Ce second procès peut-il tout de même servir à se dire que ce sera enfin fini ?

Non. On sera même amené à se revoir puisque l'avocat de la défense Maître Codognès nous a clairement dit qu'il irait jusqu'à la Cour européenne. Pourtant il n'y a aucun rebondissement, aucune enquête n'a été faite depuis le premier procès et le contre expert judiciaire que la défense fait venir n'est même jamais venu à Millas, il ne connaît pas Millas. Il s'est basé sur une photo. Son rapport avait été démoli par les experts à l'époque et c'est ce qui va encore se passer cette fois. Quel est le but de tout ça ? C'est sans fin.
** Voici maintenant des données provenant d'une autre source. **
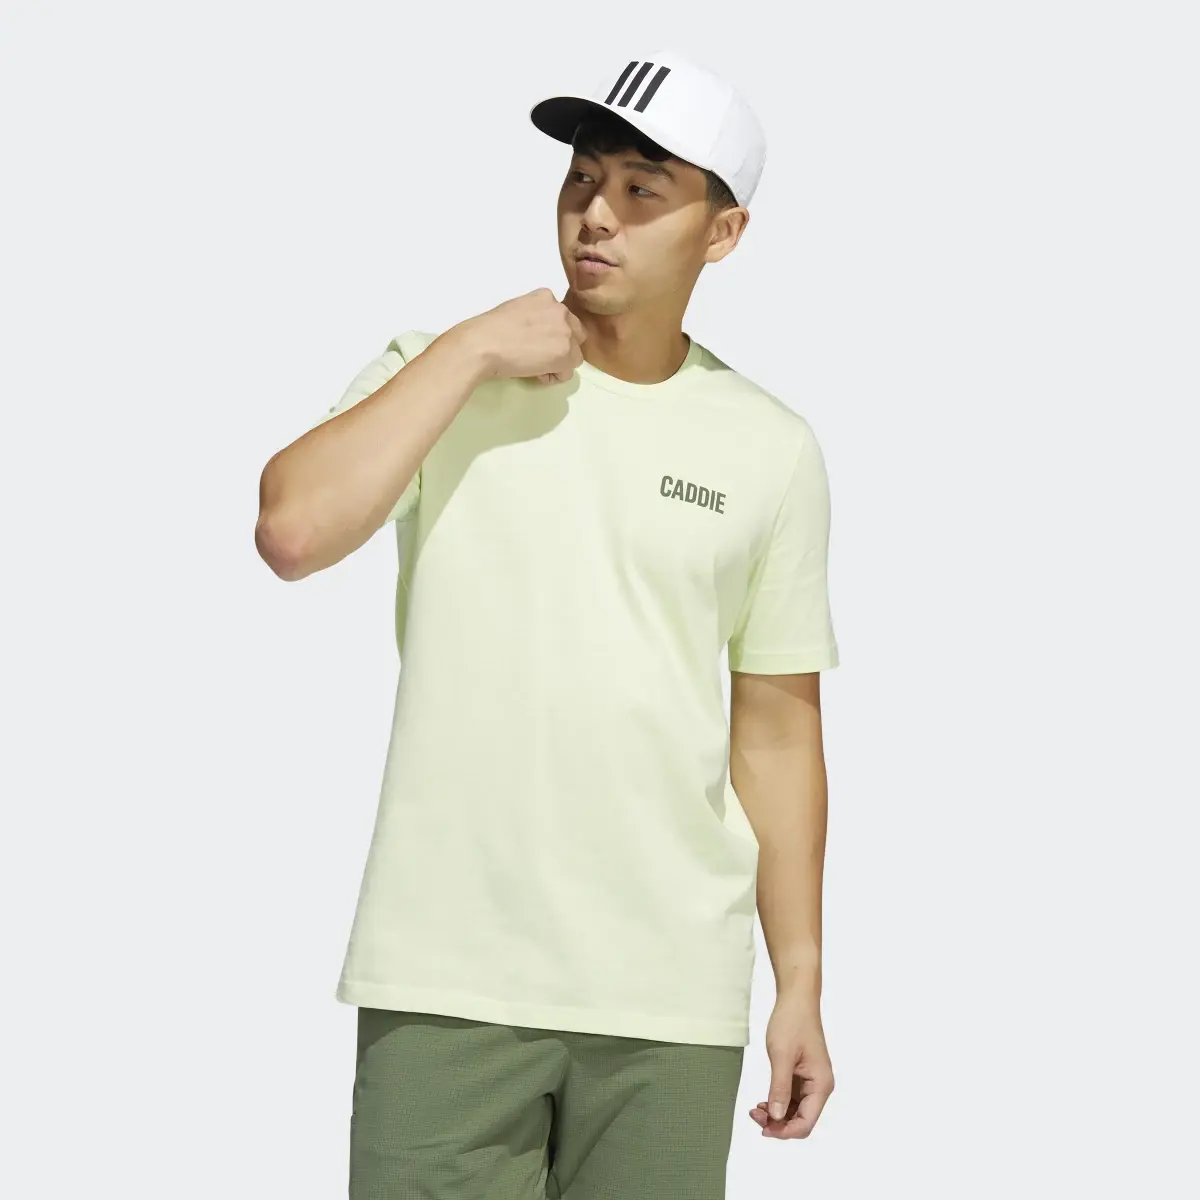 Adidas Adicross Caddie Golf T-Shirt. 2

Vous le ressentez comme de l'acharnement ?

Complètement. Et encore une fois, il n'est pas question ici de défendre la conductrice mais l'entreprise Faur et l'assureur. Mon combat il est pour les victimes, l'amélioration de la prise en charge de victimes, l'amélioration de l'annonce d'un décès, la prévention en milieu scolaire, la prévention sur les passages à niveau... Je demande juste qu'on arrête les bêtises et surtout qu'on respecte les victimes. 

Propos recueillis par Jordan Lassere et Marie Boscher.